* [Task]
Write the listing out again word for word, skipping each picture.

* [Given data]
= = =
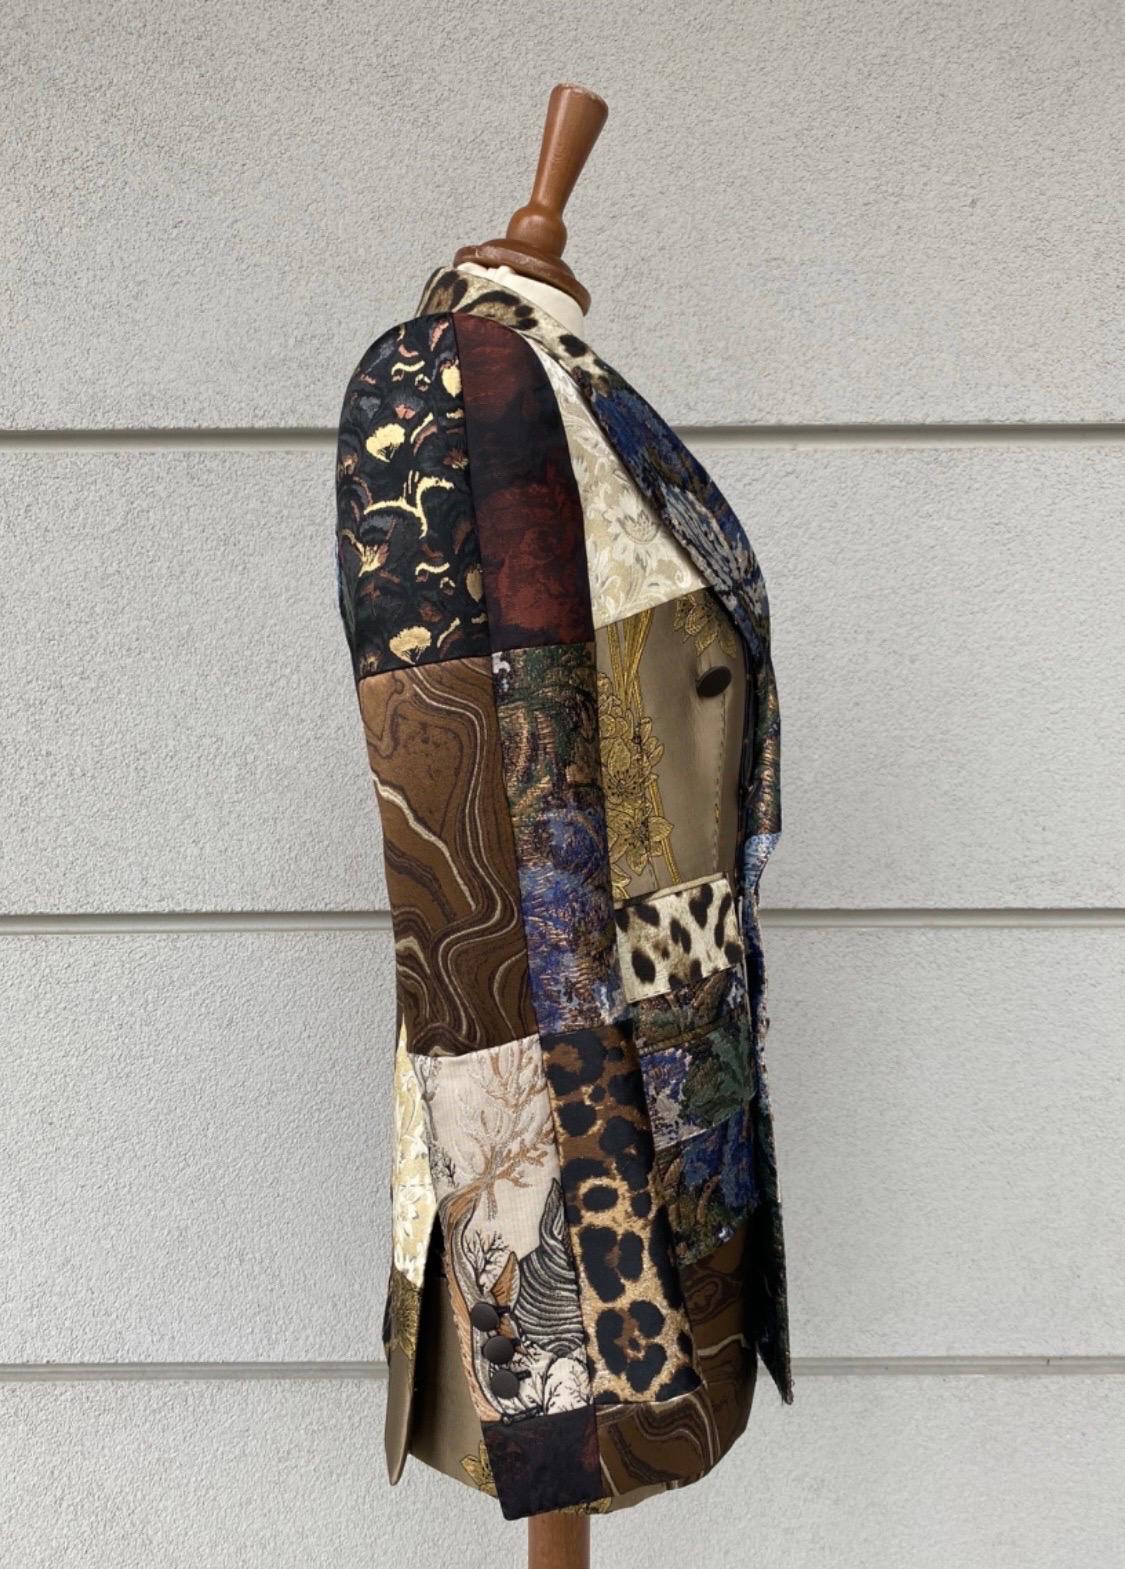 Dolce & Gabbana jacket + gilet. 
the jacket is an Italian size 38 the gilet is an Italian size 42.
Featuring mixed material and pattern with golden and metallic parts.
jacket measurements size 38: shoulder 42cm sleeve 62cm chest 39cm length 73cm.
= = =
* [Expected output]
 Dolce & Gabbana jacket + gilet. 
the jacket is an Italian size 38 the gilet is an Italian size 42.
Featuring mixed material and pattern with golden and metallic parts.
jacket measurements size 38: shoulder 42cm sleeve 62cm chest 39cm length 73cm.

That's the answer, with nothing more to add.